Vectorization (NumPy & Polars)

🚀 Vectorization (NumPy & Polars)

In Data Engineering, Vectorization is the single most important performance optimization. It allows Python to run numerical operations at “C-speed.”

🏗️ 1. Why is Python Slow for Data?

Python is interpreted and dynamically typed. A standard for loop over a large list involves:

Type Checking for every element.
Reference Counting overhead.
Boxing/Unboxing of Python objects.

🛠️ 2. NumPy: The Foundation

NumPy uses fixed-type arrays (like float64) and executes operations in highly optimized C loops.

import numpy as np

# Slow Python Loop
def slow_sum(data):
    total = 0
    for x in data:
        total += x
    return total

# Fast Vectorized NumPy
def fast_sum(data):
    return np.sum(data)

data = np.random.rand(1_000_000)
# fast_sum will be 10-100x faster!

📦 3. Polars: The Modern Pipeline

Polars is a lightning-fast DataFrame library written in Rust.

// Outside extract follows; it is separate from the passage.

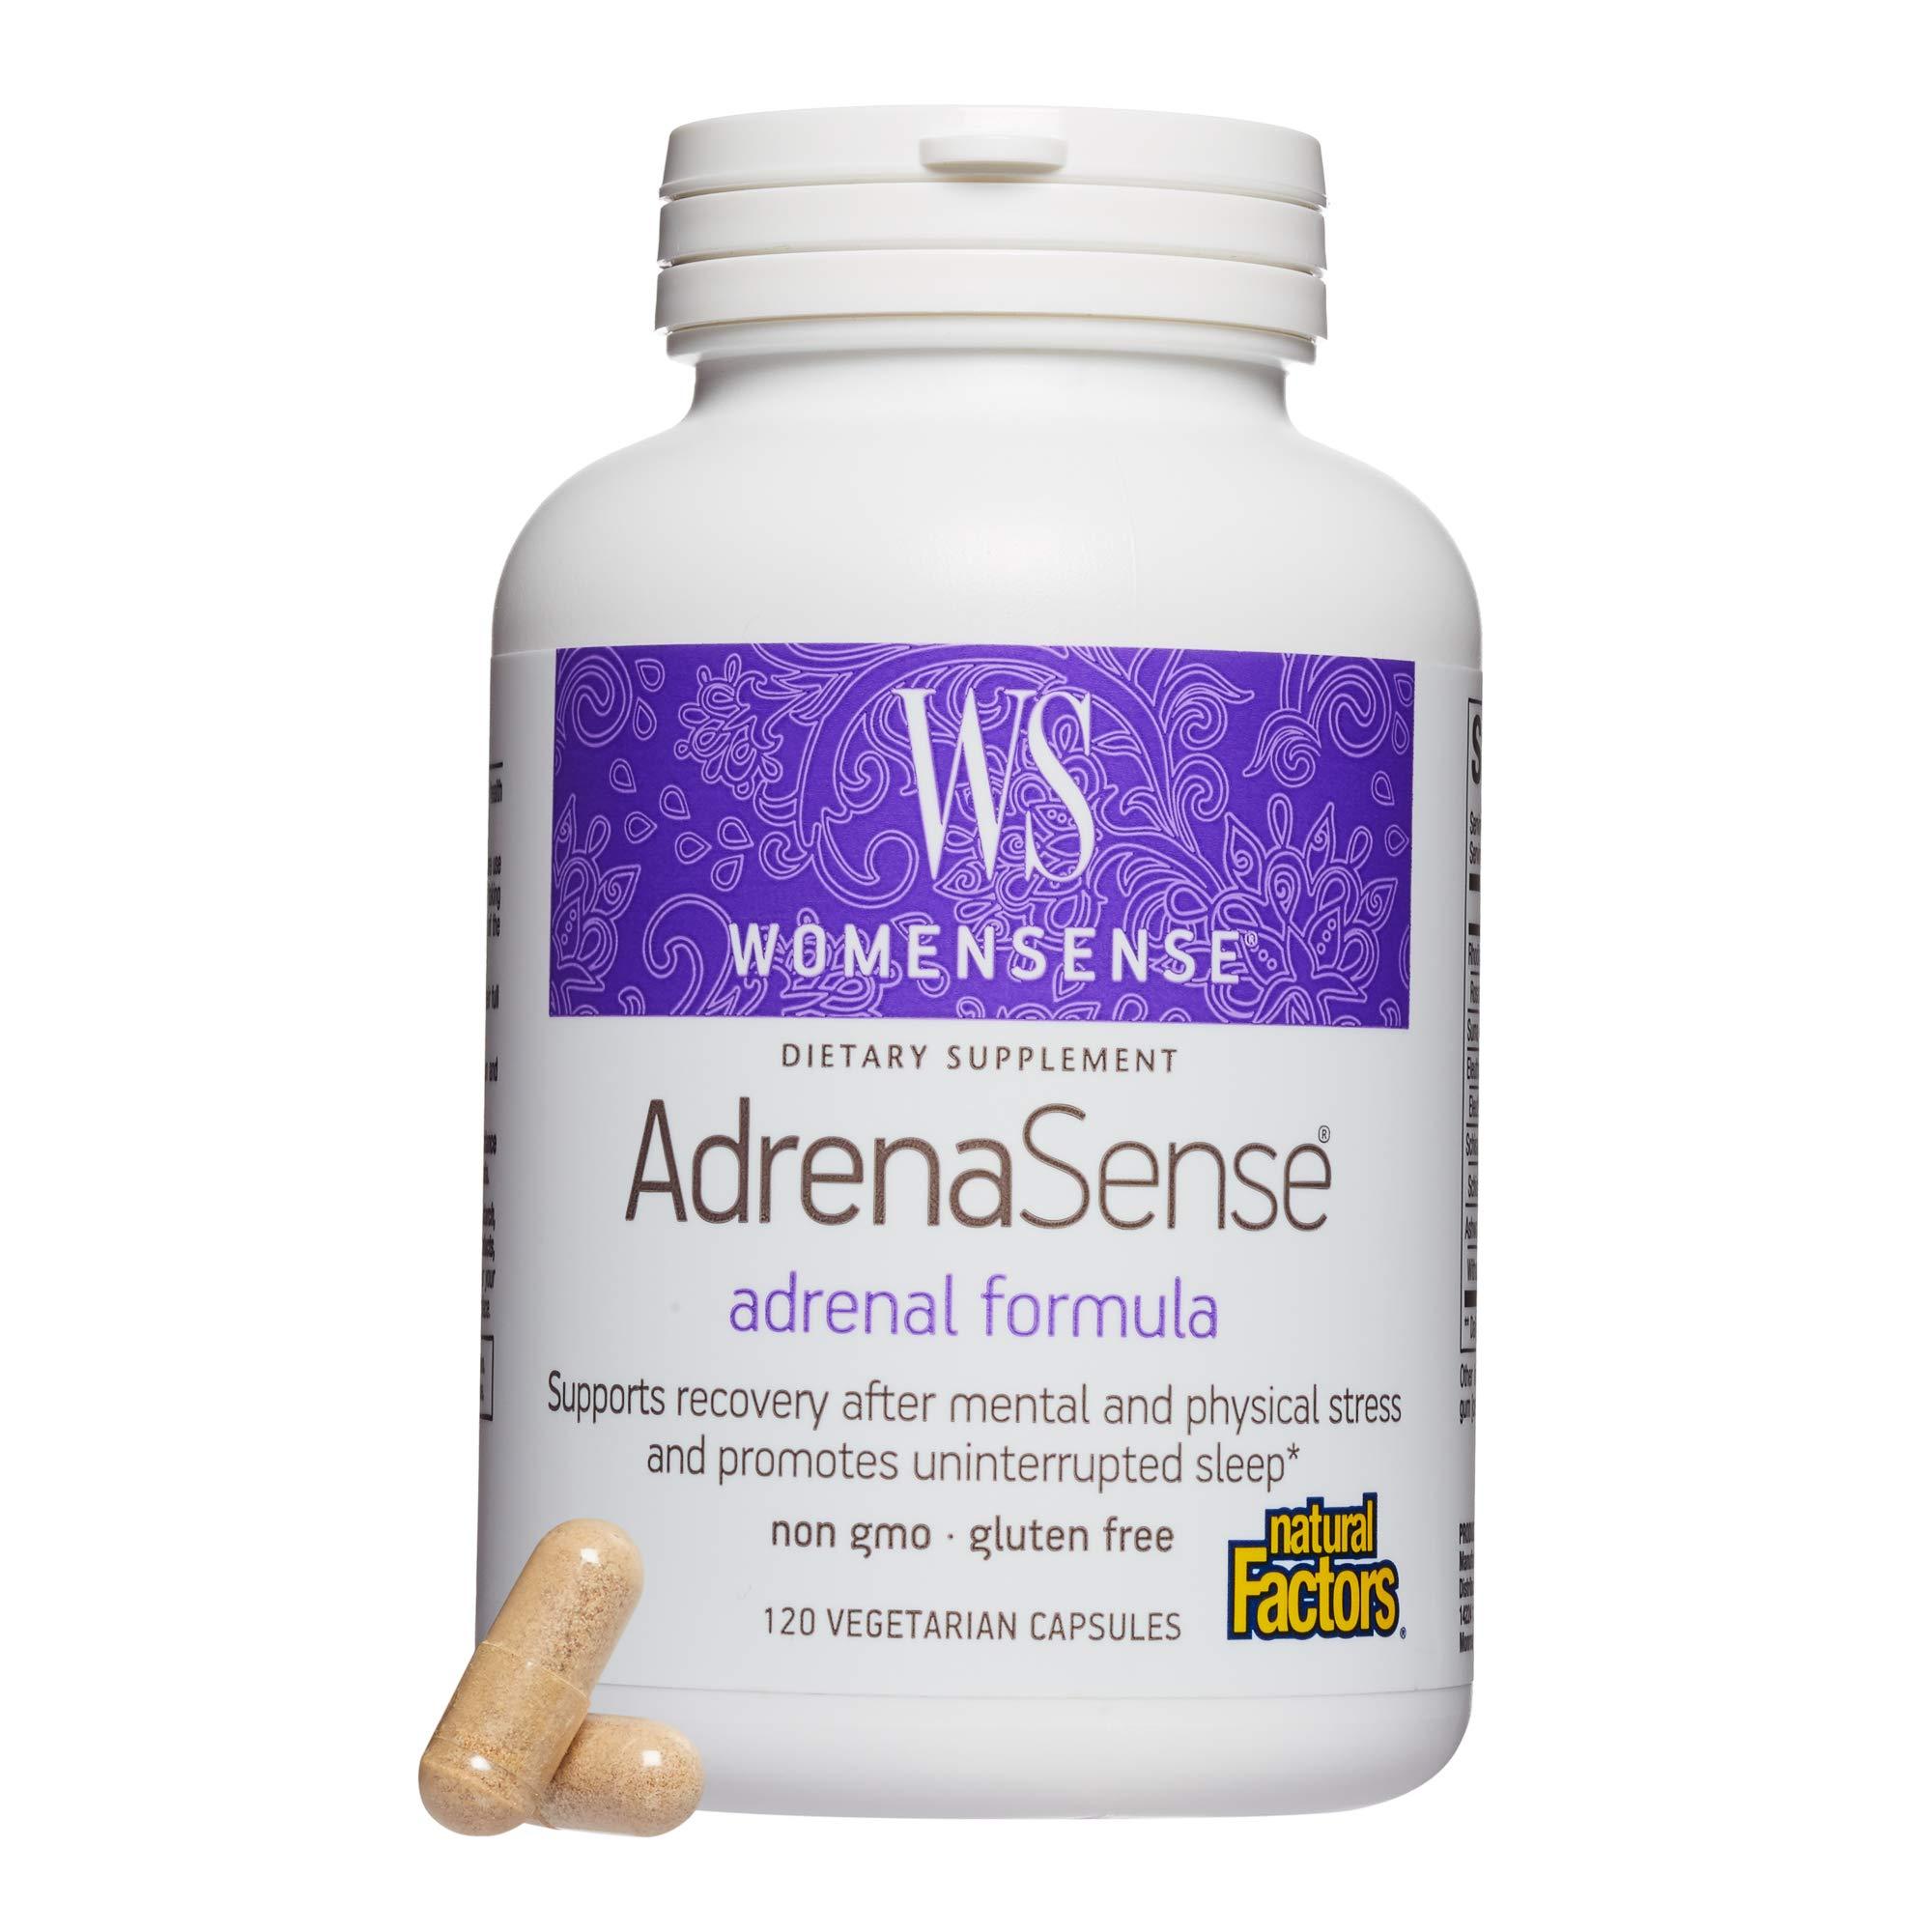 Natural Factors - WomenSense AdrenaSense, Anti-Stress Adrenal Formula, 120 Vegetarian Capsules

It uses Apache Arrow memory and is significantly faster than Pandas.

Key Features:

Lazy Evaluation: Optimized query execution.
Multithreading: Parallel processing by default.
Vectorized Engine: Uses SIMD (Single Instruction Multiple Data) instructions.

import polars as pl

df = pl.read_csv("large_data.csv")

# Vectorized transformation in Polars
result = (
    df.lazy()
    .filter(pl.col("value") > 100)
    .group_by("category")
    .agg(pl.col("score").mean())
    .collect()
)

🚦 4. SIMD & Memory Layout

Vectorized libraries leverage:

SIMD: Processing multiple data points in one CPU instruction.
Contiguous Memory: Storing data in a flat buffer for better CPU cache locality.